Reinforcement Learning in Classic Games

Warning

Please note that this notebook is still work in progress, hence some sections could behave unexpectedly, or provide incorrect information.

Why are classic games such a meaningful area to apply Reinforcement Learning to? The main point is that these games usually have quite simple rules, but very deep concepts. They also provide for a meaningful IQ test, and encapsulate real world issues. This makes it a really interesting field for Reinforcement Learning.

Game Theory

In order to get a sense of optimality in multiplayer games, the field of Game Theory is often used. The aim is to find the optimal policy \(\pi^i\) for the \(i\)-th player. If all other players fix their policies (\(\pi^{-i}\)), the best response \(\pi_*^i(\pi^{-i})\) is the optimal policy against those policies.

There is a problem with this, because it basically learns the optimal policy for one fixed policy of the opponents. Instead, the goal is to find the optimal policy against all policies opponents can have. The most well-known solution to this is referred to as the Nash equilibrium. This is a joint policy for all players.

\[ \pi^i = \pi_*^i(\pi^{-i}) \]

Here, every player’s policy is a best response. This means no player would choose to deviate from this equilibrium.

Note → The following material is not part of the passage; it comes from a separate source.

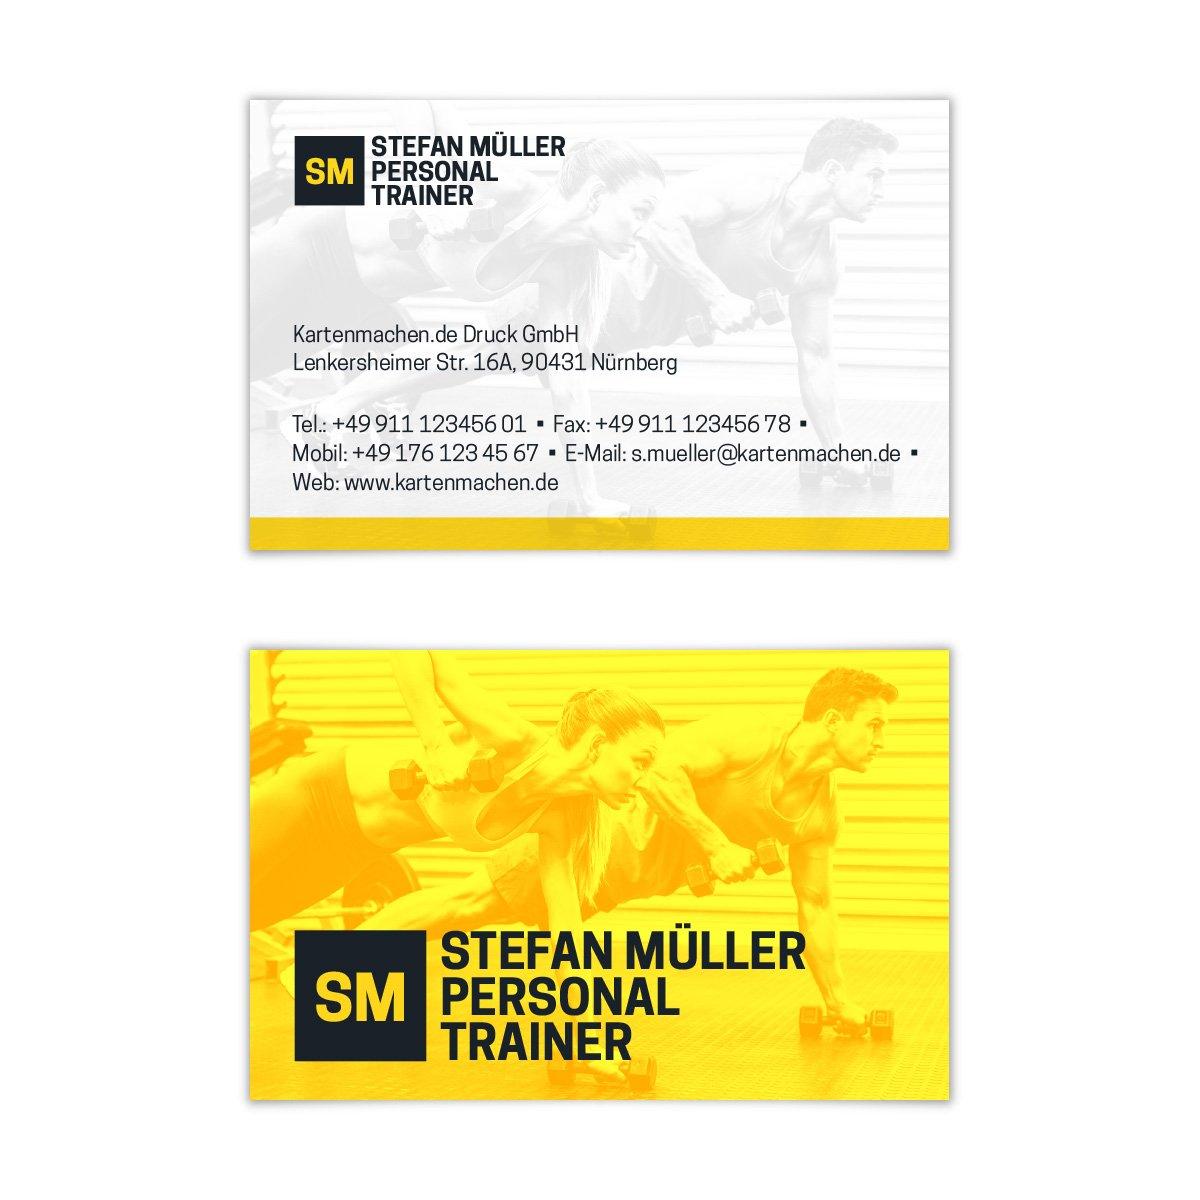 500 x Visitenkarten individuell Business Karten 300g qm 85 x 55 mm - Personal Trainer B07F7BWPW4   Genial Und Praktisch     Neuer Markt    Online

  • Best Response is a solution of a single-agent RL problem.

    Other players become part of the environment, and the game is reduced to an MDP. The best response is then an optimal policy of this MDP.

  • Nash equilibrium is a fixed-point of self-play RL

    Experience is generated by playing games between agents \(a_1 \sim \pi^1, a_2 \sim \pi^2, ...\). Each agent learns the best response to other players. One player’s policy determines another player’s environment. This means all players are adapting to each other.

To keep things relatively simple, this chapter restricts itself to two player, zero-sum games. Zero-sum games have equal and opposite rewards \(R^1 + R^2 = 0\). Methods for finding Nash equilibria in these games are discussed.

Self-Play Reinforcement Learning

Similar to this fixed function approximation in the last section, it is possible to apply value-based RL algorithms to games of self-play. Any algorithm like \(MC, TD(0), TD(\lambda), ...\) can be used. For deterministic games, it is sufficient to estimate \(v_*(s)\). The idea uses the following short proof

\[\begin{split} q_*(s, a) & = \sum_{s'} P^a_{ss'} v_*(s)\\ q_*(s, a) & = v_*(s')\end{split}\]

Actions are selected by min- or maximizing the value of the next state

\[\begin{split} A_t & = \arg\max_a v_*(S_t') \text{ for the maximizing player}\\ A_t & = \arg\min_a v_*(S_t') \text{ for the minimizing player}\end{split}\]

This improves the joint policy for both players.

Reinforcement Learning in Imperfect-Information Games

In imperfect information games, players have different information states and therefore separate search trees. In this tree, there is one node for each information state. These nodes summarize what a player knows (e.g. the cards they have seen).

There may be many real states that share the same information state, but there may also be aggregate states (e.g. those with a similar value).

There are multiple ways to solve for these information-state game trees.

  • Iterative forward-search methods

    An example of this is Counterfactual Regret Minimization

  • Self-play Reinforcement learning

    Here, a variant of MCTS, called Smooth UCT is discussed briefly. Applying the method to the game of Poker resulted

  • in 3 silver medals in two- and three-player Poker. It outperformed massive-scale forward-search agents.

Smooth UCT

Using Monte-Carlo Tree Search in fully observable games has shown promising. However, improvements must be made to let it perform well in imperfect information games. In Poker for example, naive MCTS diverges, since its approach is just not well-fitted for these types of games.

However, a variant of UCT, inspired by a game-theoretic concept called Fictitious Player was implemented. The idea is that the agent learns against and to respond to opponents’ average behavior. This gives a much robust approach.

The average strategy can be extracted from nodes’ action counts, \(\pi_{avg}(a | s) = \frac{N(s, a)}{N(s)}\). Then, at each node, pick actions according to

\[\begin{split} A \sim \begin{cases} UCT(S), & \text{ with probability } \epsilon\\ \pi_{avg}(.|S), & \text{ with probability } 1 - \epsilon \end{cases} \end{split}\]

Empirically, in variants of Poker, smooth UCT converged to the Nash equilibrium while naive MCTS diverged.